» SOURCE DATA:
==========
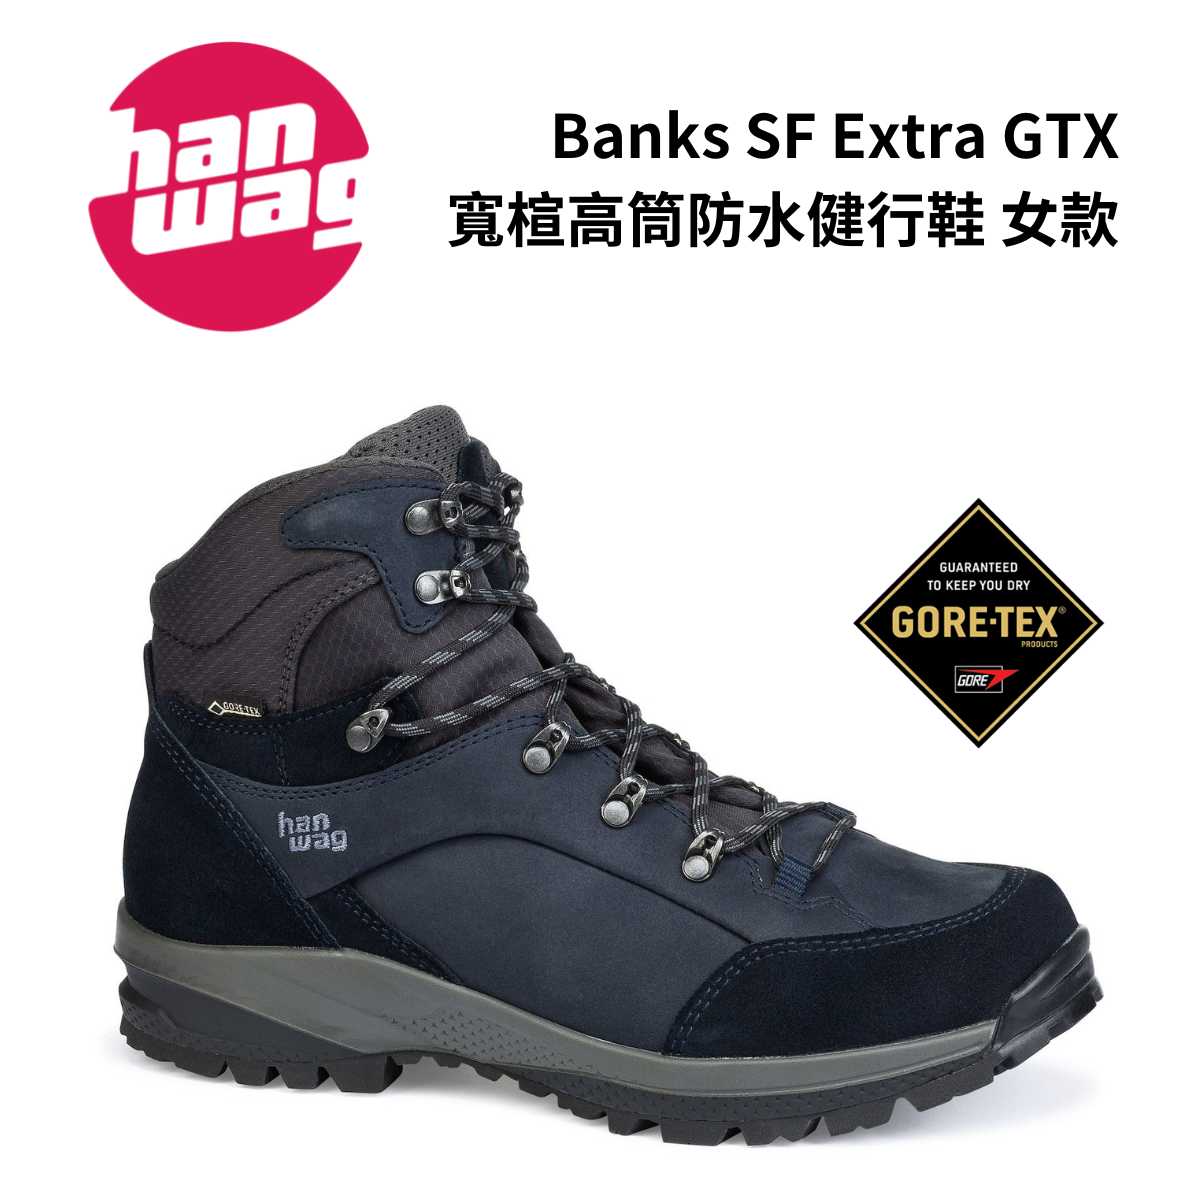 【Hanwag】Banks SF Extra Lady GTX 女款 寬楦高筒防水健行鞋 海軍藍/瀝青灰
==========
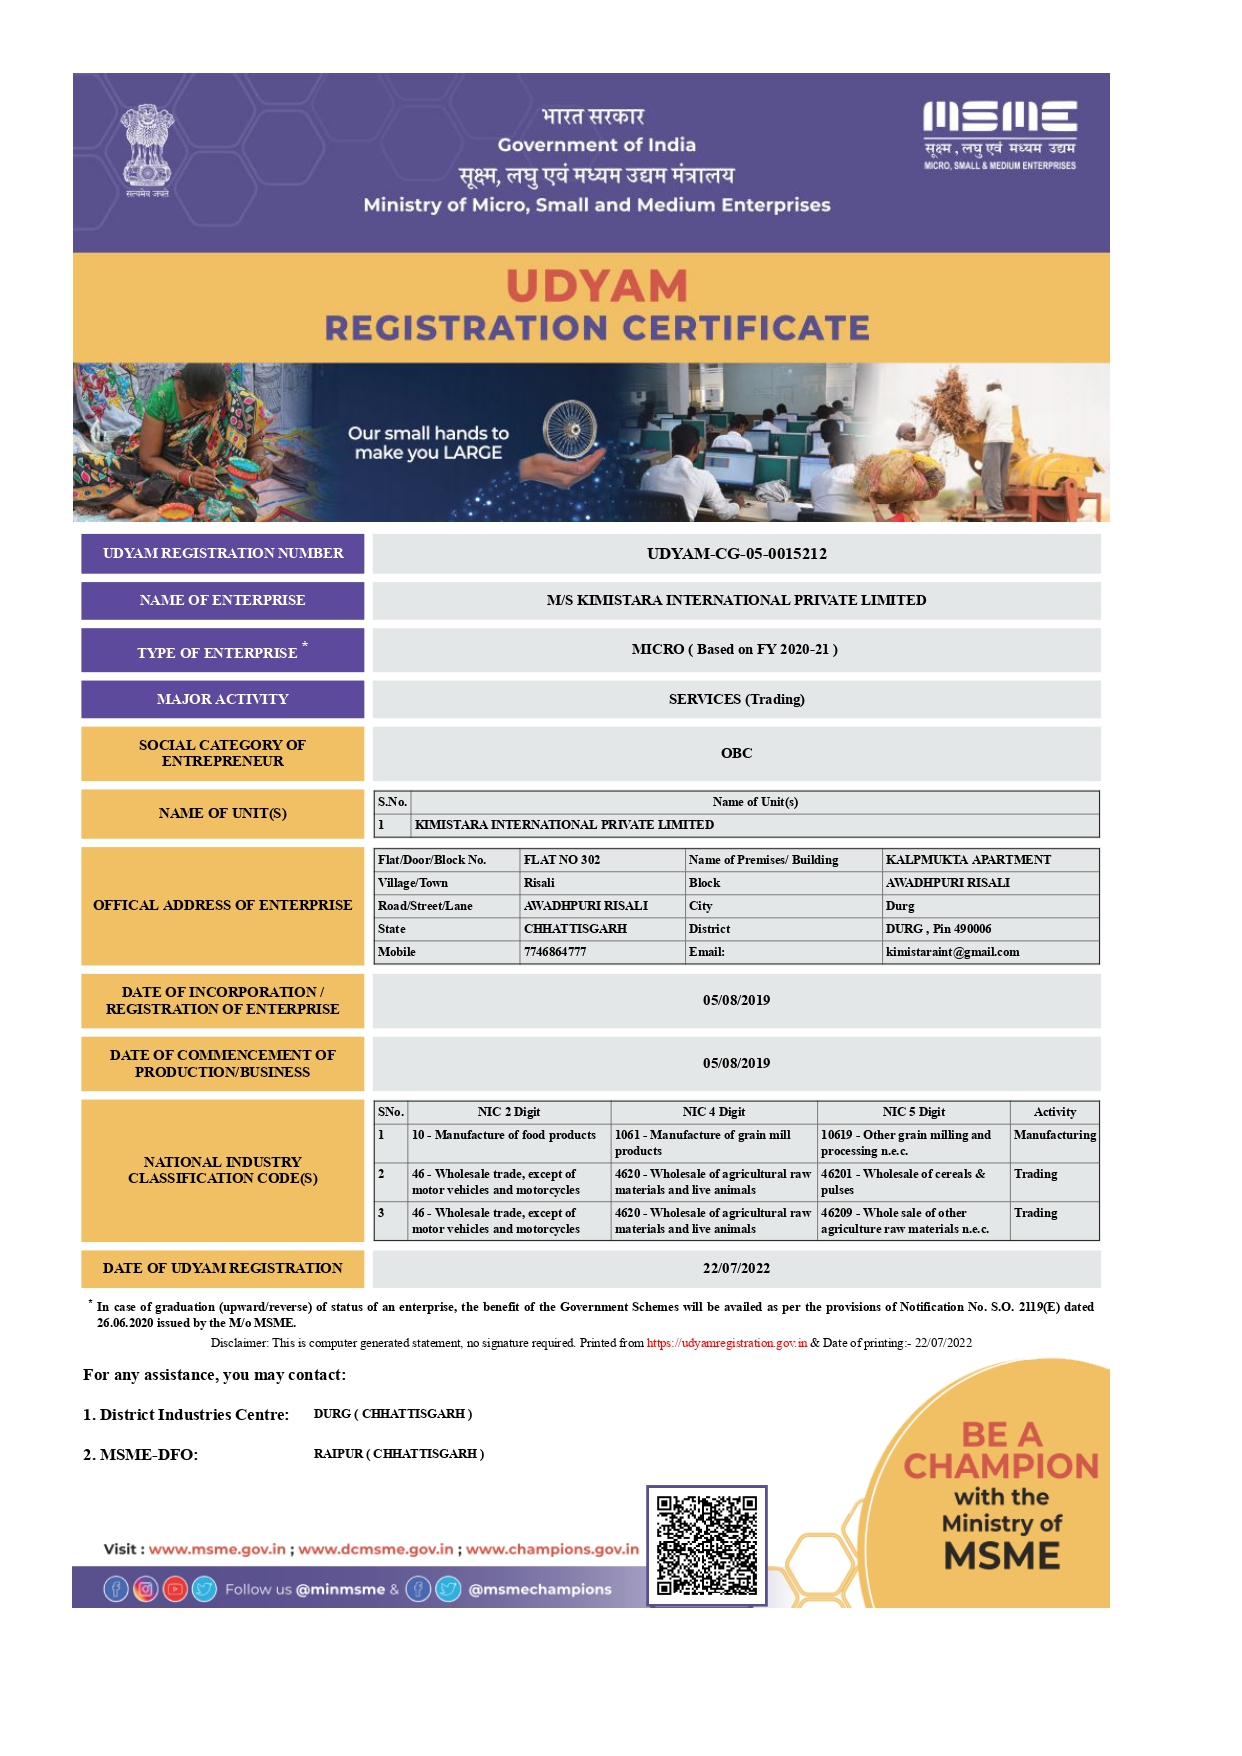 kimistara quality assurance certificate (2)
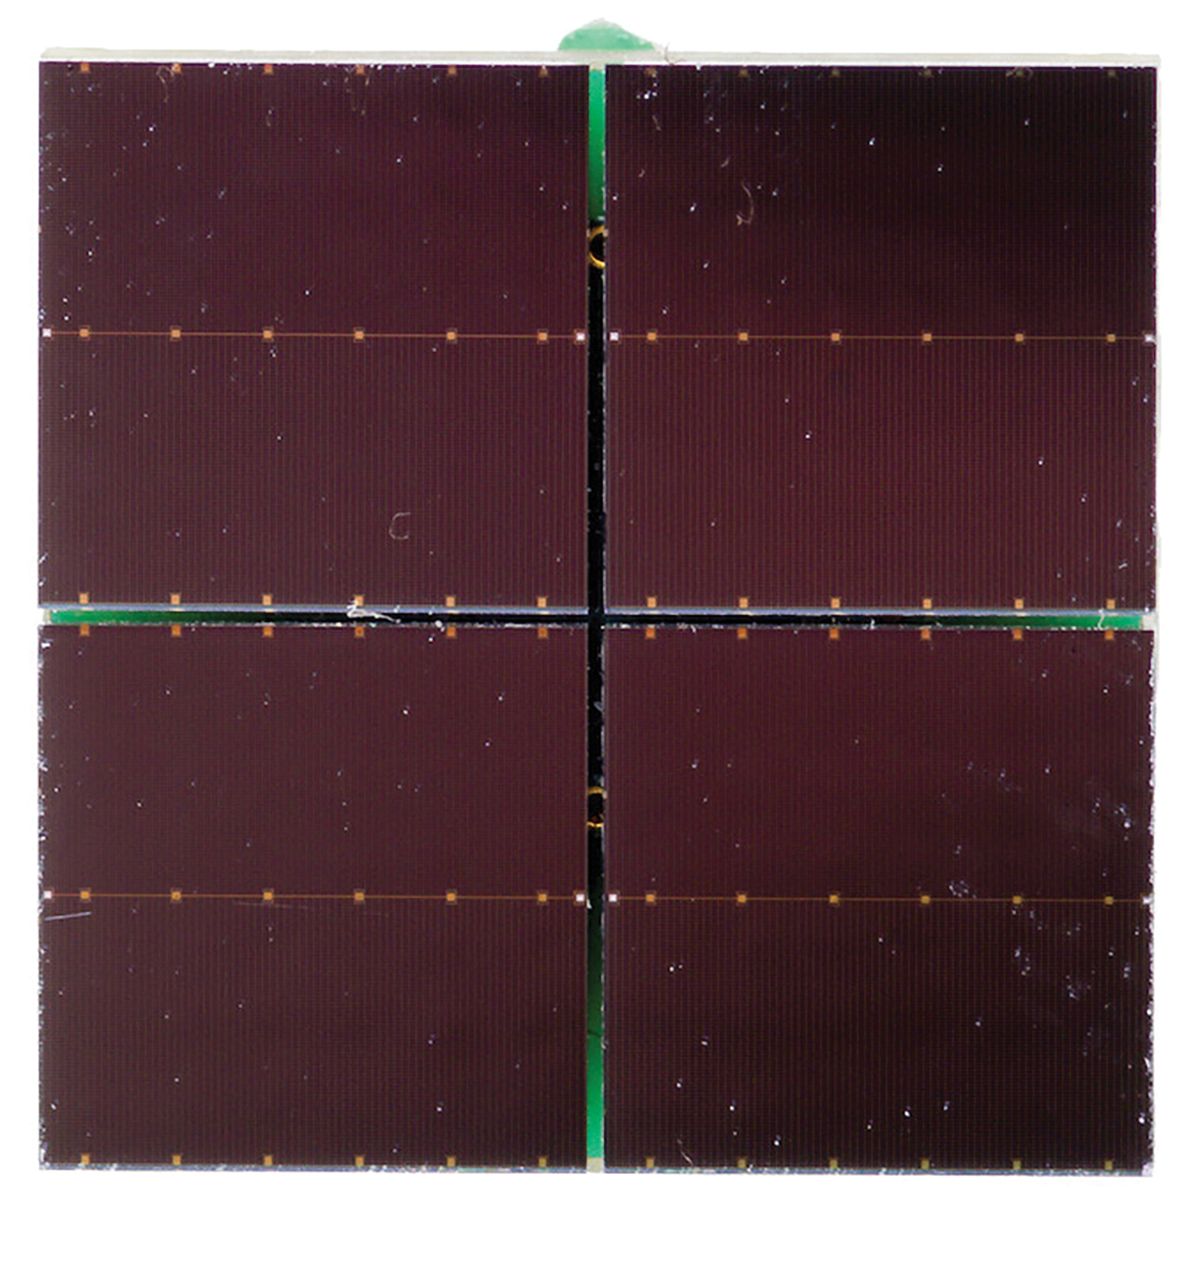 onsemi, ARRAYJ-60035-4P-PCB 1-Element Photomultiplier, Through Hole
==========
» EXERCISE DIRECTIONS: Reproduce the data above exactly, but only from the line containing "kimistara quality assurance certificate (2)" through the line containing "onsemi, ARRAYJ-60035-4P-PCB 1-Element". Omit all pictures.

» SOLUTION FOR THIS PROBLEM:
 kimistara quality assurance certificate (2)
 onsemi, ARRAYJ-60035-4P-PCB 1-Element Photomultiplier, Through Hole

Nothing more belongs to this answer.